The news of this abortive expedition reached London on the 13th of August; and shortly afterwards came a letter from a gentleman in Tobago, warning the Government that French emissaries were busy all over the West Indies, and that there was great danger of a general rising of the negroes for the expulsion of the white proprietors from all the islands.[163] Here was information important enough to make Pitt think twice before he pursued his policy of cutting off the financial resources of the Revolution by ruining French West Indian trade, to say nothing of the fact that the said trade was already practically ruined by civil war in the French islands. There were other weak points in the French armour besides the West Indies, so many indeed that Ministers might be excused for finding it Aug. 29. difficult to determine which of them they should assail. The only method of overcoming that difficulty was that they should clearly define to themselves their object in making war.

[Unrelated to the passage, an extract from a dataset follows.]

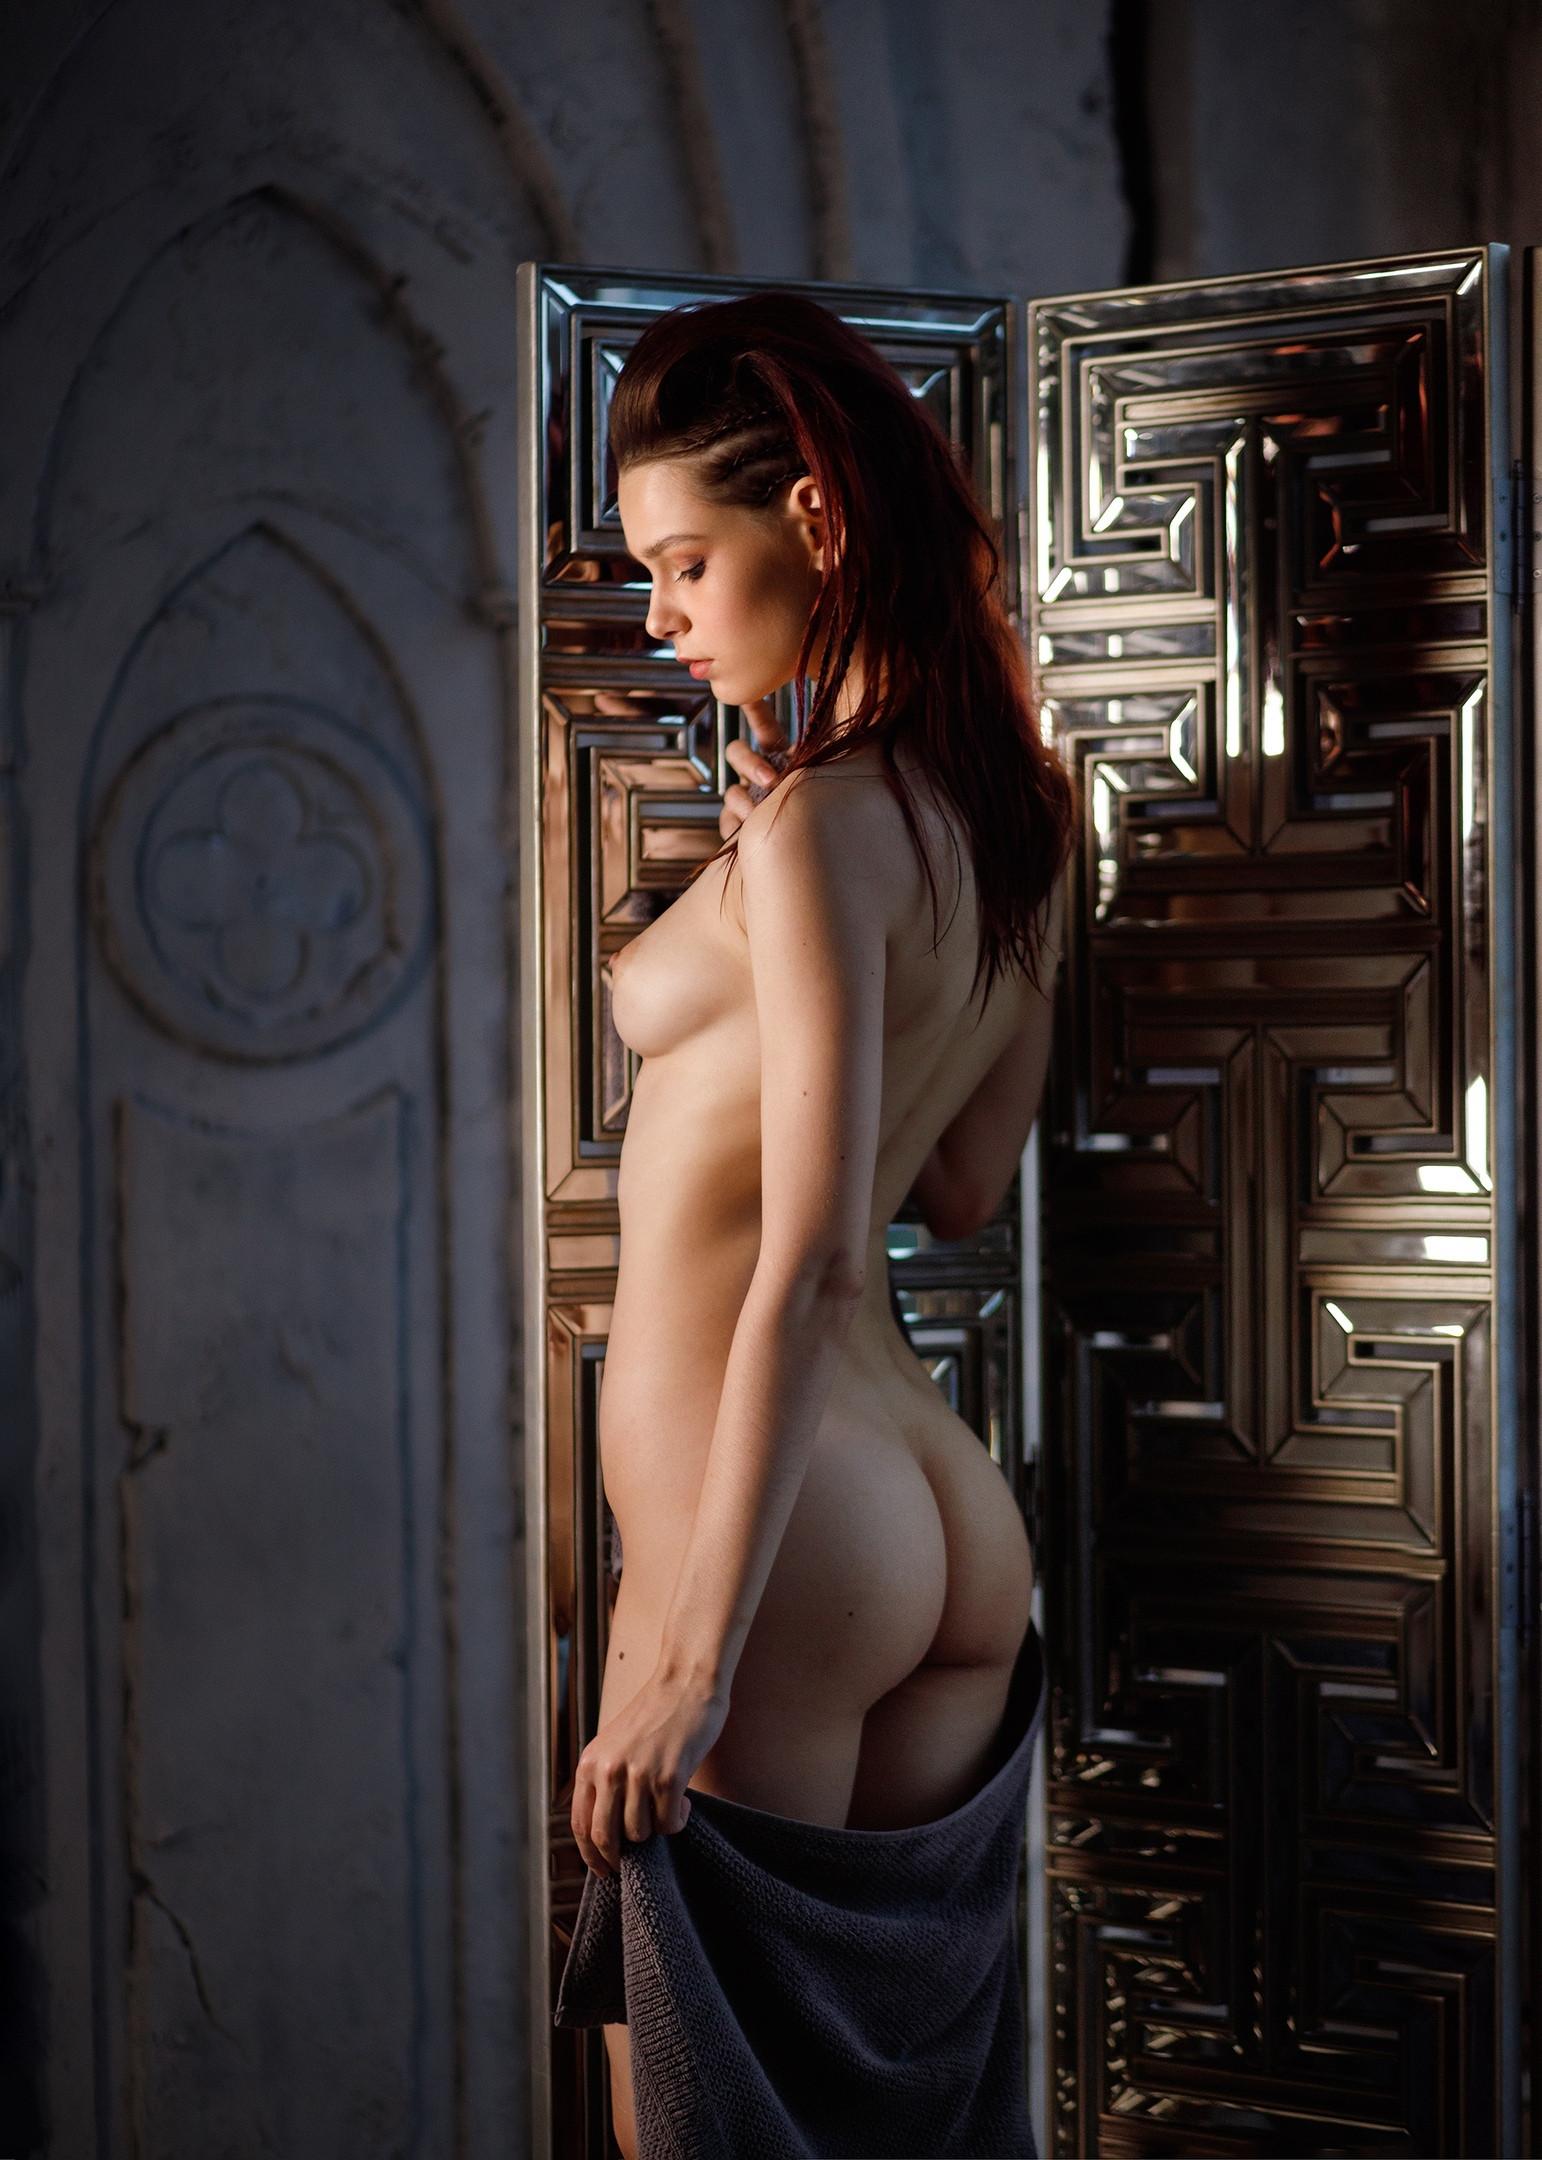 Irina Telicheva by Margarita Relina Kovalev Nikita 14 fappenings.com

First then, there was the counter-revolution in the south of France; where Lyons still defied the forces of the Convention, and where it was hoped that Sardinia, in return for the two hundred thousand pounds given her by the recent treaty, would intervene effectively, with Austria at her side. Next,[164] from this same quarter there came the very important but unexpected news that commissioners from Toulon, after some parley with Lord Hood, had agreed to declare for the Monarchy and the Constitution of 1791, and to give up to him the shipping, forts and arsenal, to be held in trust for King Lewis the Seventeenth until the end of the war. In return for this, however, they made the natural but very significant request that troops should be landed for their protection. Here, therefore, was the Government committed, though by no act of its own, to serious operations by land on the side of the Mediterranean. The responsibility assumed by Hood was very grave; and for a time he hesitated to incur it. “At present,” he wrote, two days after issuing his public reply to the offers of the commissioners, “I have not troops sufficient to defend the works. Had I five or six thousand good troops I should soon end the war.”[165] He therefore anchored at Hyères and, mindful of the British alliances with the Mediterranean powers, wrote to the British Ambassador at Naples for such forces as could be spared, at the same time asking help of the Spanish Admiral, Don Juan de Langara, who was lying with his squadron off the coast of Roussillon. Before, however, these reinforcements could arrive, he was so far satisfied by Aug. 28. the assurances of the French that he sailed into Toulon harbour and, landing fifteen hundred marines and soldiers who were acting as such, occupied the principal forts that defended the outer harbour. While thus engaged he was joined by Langara with the greater part of his squadron, who announced that he had one thousand troops ready to disembark at once, and had left four ships behind to bring three thousand more from the army in Roussillon. Full of gratitude, Hood gave Langara effusive thanks, and appointed Admiral Gravina, the Spanish officer next senior to Langara, to be commandant of Toulon.